Le ministère de la Santé du Québec à l'origine d'une brèche informatique
Des millions de Québécoises et de Québécois ont pris rendez-vous sur Clic Santé pour obtenir leur vaccin contre la COVID-19.
Photo : Radio-Canada / Lynda Paradis
Une brèche de sécurité informatique met le ministère de la Santé dans l’embarras. Ce dernier a lui-même mis en circulation des informations compilées sur Clic Santé, dont des numéros d’assurance-maladie, sans s’assurer que le fichier soit sécurisé. L’identité des citoyens n’a en aucun cas été compromise, jure le ministère. Des experts informatiques déplorent une erreur de débutant.
C’est pour vérifier des doublons qui devaient être annulés
que le ministère de la Santé et des Services sociaux a fait circuler un fichier contenant certaines informations sur les rendez-vous, dont le numéro d’assurance-maladie
, parmi les centres de vaccination COVID du Québec. Voilà la justification donnée par coordonnatrice aux relations avec les médias du ministère, Marie-Claude Lacasse.
Une fois sorti de l’environnement informatique sécurisé du MSSS, le fichier était facilement consultable, au point où des collaborateurs en sécurité de l'information sont tombés par hasard sur le document en question
le 13 mai dernier.
Dans son courriel, le MSSS ne précise pas l'ampleur de la brèche ni le nombre de citoyens affectés.
Rectificatif
Le titre d'une précèdente version de cet article pouvait laisser croire que la plateforme Clic Santé n'était pas sécuritaire et que les données personnelles des usagers y étaient facilement accessibles. Or, la brèche en question découle bel et bien d'une erreur humaine provenant du ministère de la Santé, et non d'une brèche dans la plateforme. Nos excuses.
La faille, d’abord rapportée par l’agence QMI, n’a pas causé de préjudice
, assure le ministère, qui ajoute avoir néanmoins revu ses façons de procéder avec les centres de vaccination afin d’éviter qu’une telle situation se reproduise.

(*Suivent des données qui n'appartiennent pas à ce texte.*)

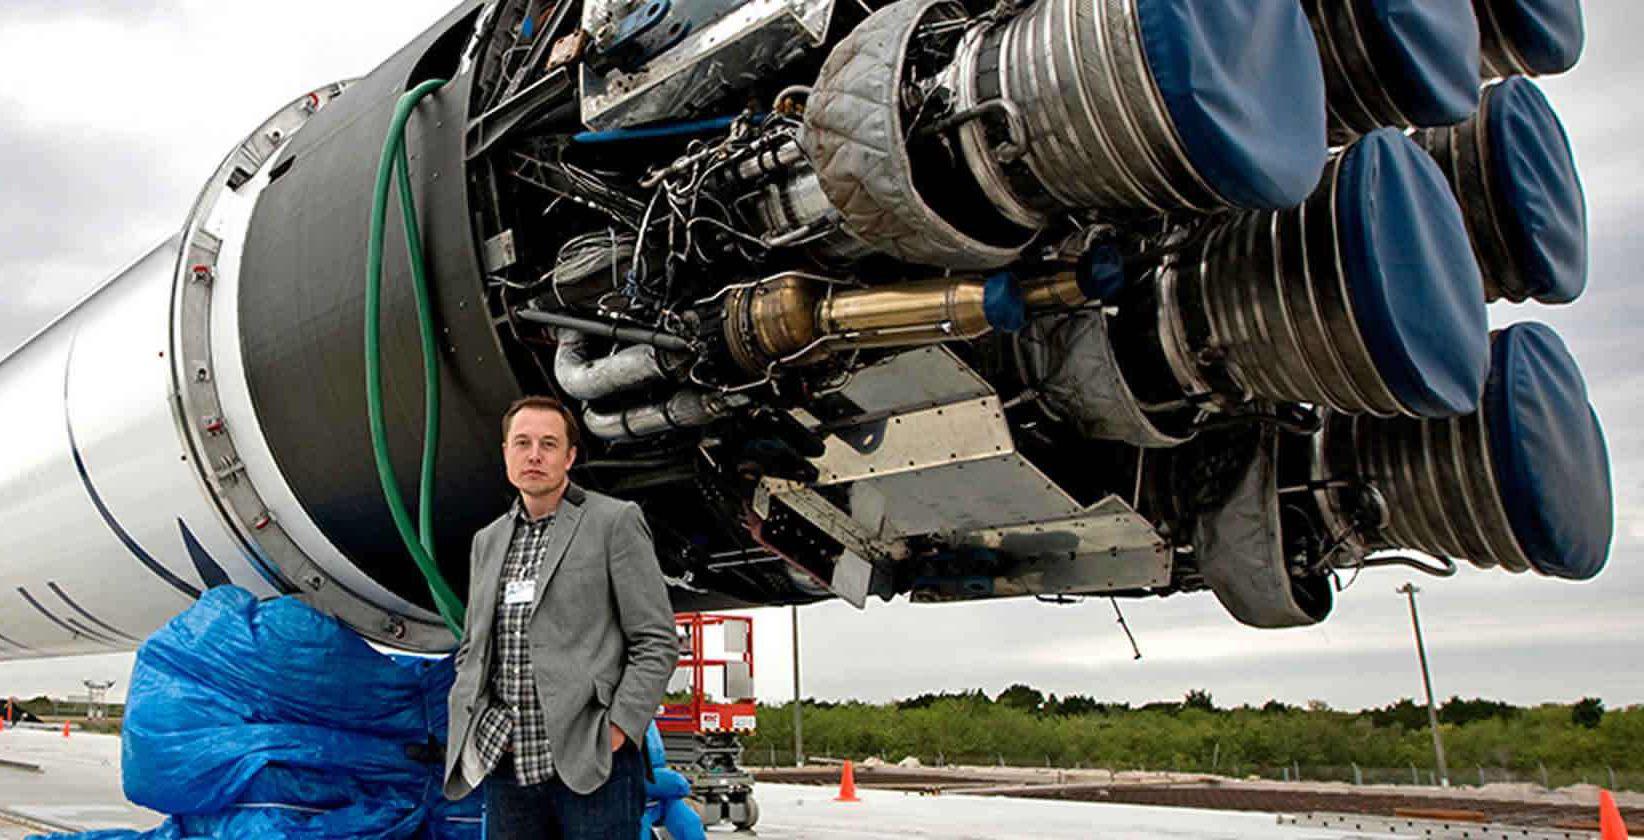 俄停止向美国供应火箭发动机_马斯克也慌了,美国刚要重返月球就要被制裁?关键技术缺失 ...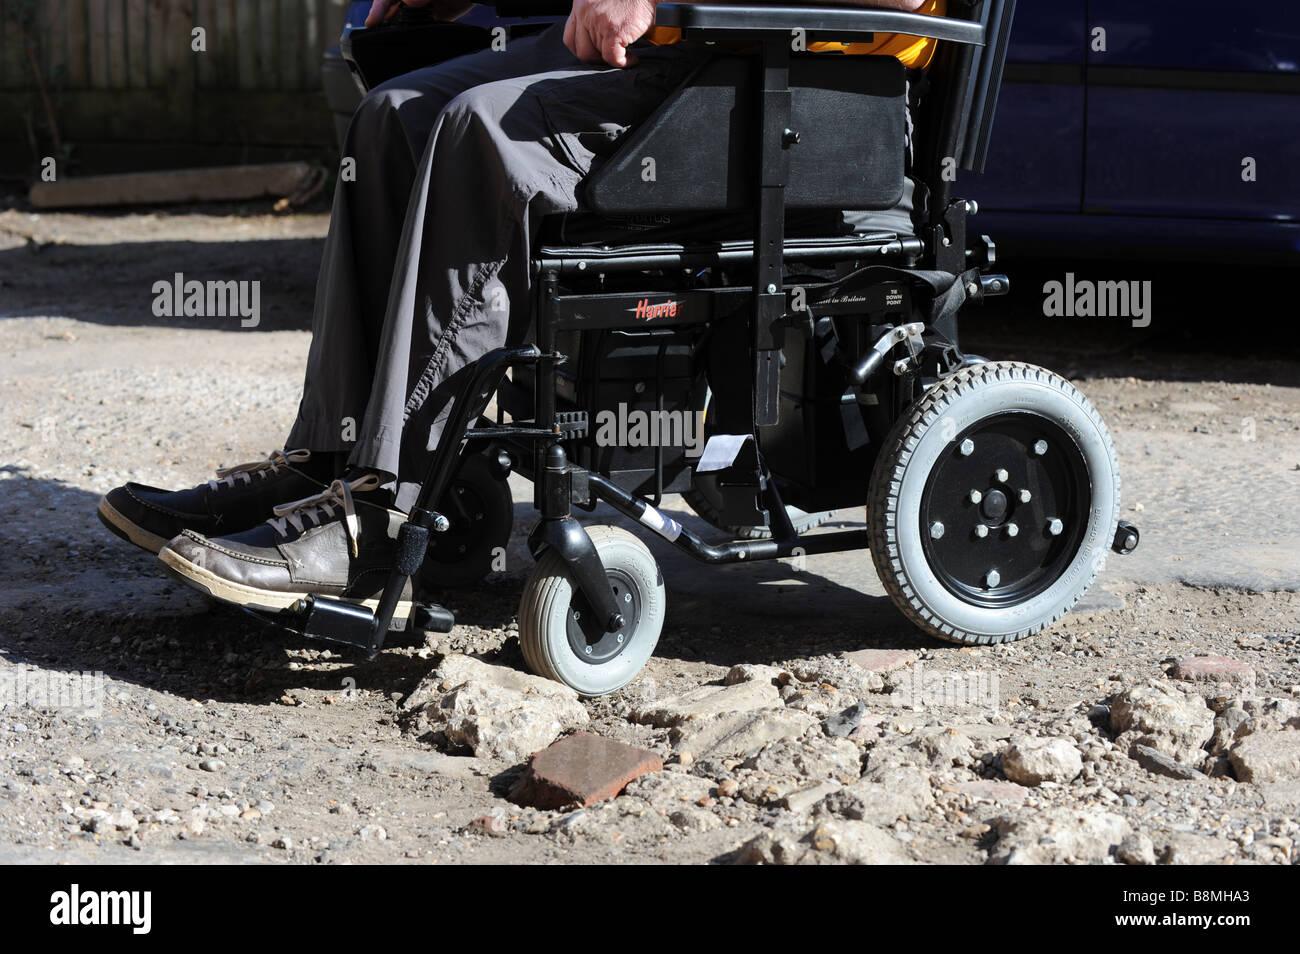 Uneven immagini uneven fotos stock alamy for Vecchio in sedia a rotelle

« Dorénavant, tout transfert devra utiliser [un canal sécurisé], même si les données ne sont pas jugées sensibles. »
C'est un membre de la communauté du Hackfest, un groupe de personnes intéressées par la cybersécurité, qui a fait la découverte. Ce genre de découverte est fréquent, affirme l'expert et co-fondateur de Hackfest Communication, Patrick Mathieu.
Même si aucune conséquence n'a été rapportée cette fois-ci, M. Mathieu s'interroge sur les efforts consacrés à la cybersécurité dans l'élaboration de logiciels.
Les explications de Kassandra Nadeau
Une erreur de débutant
Selon l’expert en sécurité informatique Steve Waterhouse, cette nouvelle brèche illustre la nonchalance des autorités gouvernementales quant à la manipulation des données personnelles des citoyens et des citoyennes.
Ce sont des failles de base
, insiste-t-il. Il n’y a pas de contre-vérifications quant aux meilleures pratiques à appliquer sur, dans ce cas-ci, le Clic Santé.
À son avis, le ministère de la Santé n’aurait jamais eu vent de la brèche informatique qu’il avait lui-même ouverte sans l’attention des internautes.
« Sans la vigilance de certaines personnes, il y aurait pu avoir, ici, une exploitation malicieuse et encore une fois, cela aurait causé des torts à la population, aux citoyens. »
Le MSSS assure qu’à partir des informations divulguées, il était impossible d’obtenir l’identité d’une personne, son nom ou ses coordonnées.
L'agence QMI, qui a pu consulter un des documents, assure plutôt le contraire : en faisant des recoupements entre les dates et les heures de rendez-vous, les lieux de vaccination et les numéros d'assurance-maladie, il serait possible d'identifier certaines personnes.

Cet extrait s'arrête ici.